Таким образом, под подозрением оставались четверо служащих отдела, в том числе и юный Бриско. За ними была установлена тщательная слежка, и спустя месяц или около того стали выясняться любопытные подробности, касавшиеся поведения молодого Бриско. Так, например, удалось установить, что со времени его поступления на работу в банк у него появились новые привычки, раньше ему несвойственные: нередко он поздно задерживался в городе, ссылаясь перед домашними на сверхурочную работу или занятия в вечерней школе. На самом же деле он в это время околачивался в разных увеселительных местах, играл на бильярде; его видели в компании молодых людей и девушек сомнительной репутации. На одну из таких девушек он тратил немалые деньги, гораздо больше, чем могло позволить его скудное жалованье. В конце концов его арестовали под предлогом наспех состряпанного обвинения в нарушении общественного порядка. На допросе стали допытываться, откуда у него деньги. Кроме того, ему сказали, будто бы номера банковых билетов, посланных в Атланту, были заранее переписаны и что у тех денег, которые нашли при нем, оказались эти самые номера. Это была неправда, но юноша струсил и во всем признался.
В оправдание себя он жаловался на чрезмерную строгость отца, на томительное однообразие домашней жизни; именно потому, мол, он и не устоял перед соблазном другого, более легкого и приятного существования. С помощью настойчивых расспросов удалось выяснить, что свыше тысячи долларов из украденной суммы и сейчас лежат спрятанные в амбаре его отца. Уолтера тотчас же отвели к судье, в кабинете которого он подписал полное признание, и теперь ему оставалось только ждать судебного приговора.

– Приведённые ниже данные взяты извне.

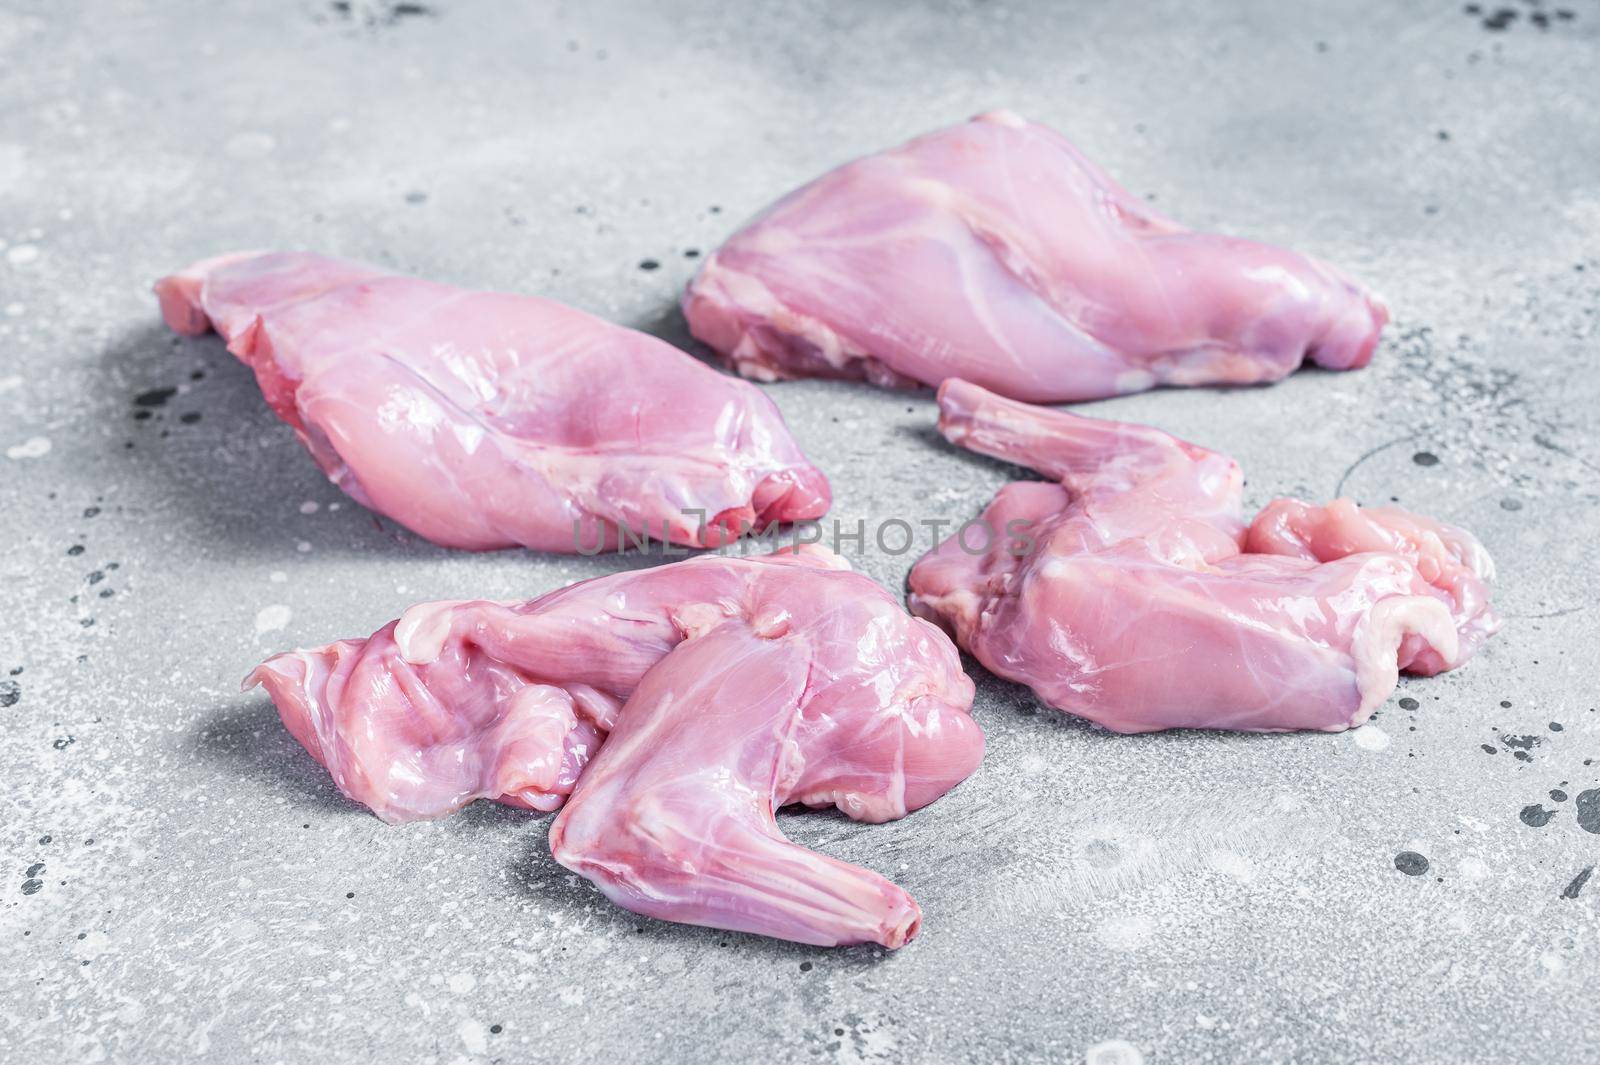 Raw rabbit legs slices on a butcher board. Gray background. Top view by Composter

Вся эта история с самого начала чрезвычайно смущала и волновала Солона; но теперь, когда виновность Бриско была доказана, дело обернулось новой, особенно тягостной для него стороной. Его угнетала мысль, что он поручился за Уолтера, что отец юноши — квакер, собрат по религии. Он уехал в этот вечер домой совершенно подавленный, не поговорив даже со своими сослуживцами. Ему нужно было время и тишина, чтобы обдумать случившееся и помолиться.
Бенишия, встретившая его на пороге, сразу увидела, что он чем-то расстроен.
— Солон, милый, что случилось? У тебя неприятности?
— Знаешь, Бенишия, — с трудом выговорил он, медленно расстегивая пальто, — преступником оказался Уолтер.
— Не может быть! — вскричала она, потрясенная не меньше его. — Неужели это правда? Пойдем, расскажи мне все. Ах, Солон, какой ужас!
Они вошли в гостиную, и там, устало опустившись в кресло у окна, он рассказал ей все подробности дела.
— Ты только подумай, Бенишия, ведь это я устроил его в банк! — повторял он, а Бенишия тяжело вздыхала в ответ, вся — воплощение материнской заботы и сочувствия.
В эту минуту у дверей раздался звонок, и служанка доложила о приходе мистера Арнольда Бриско. Бенишия и Солон поспешили к нему навстречу. Его вид испугал их. Этот плотный, розовощекий человек за один день постарел на много лет. Глаза его ввалились, весь он был какой-то понурый, жалкий. Он остановился на пороге, нервно теребя в руках шляпу.
— Друг Барнс, — начал он глухим, словно замогильным голосом. — Я не знаю, что сказать тебе.
Он вдруг прикрыл глаза рукой, рот его страдальчески искривился. Солон, потрясенный до глубины души, шагнул вперед и положил ему руку на плечо.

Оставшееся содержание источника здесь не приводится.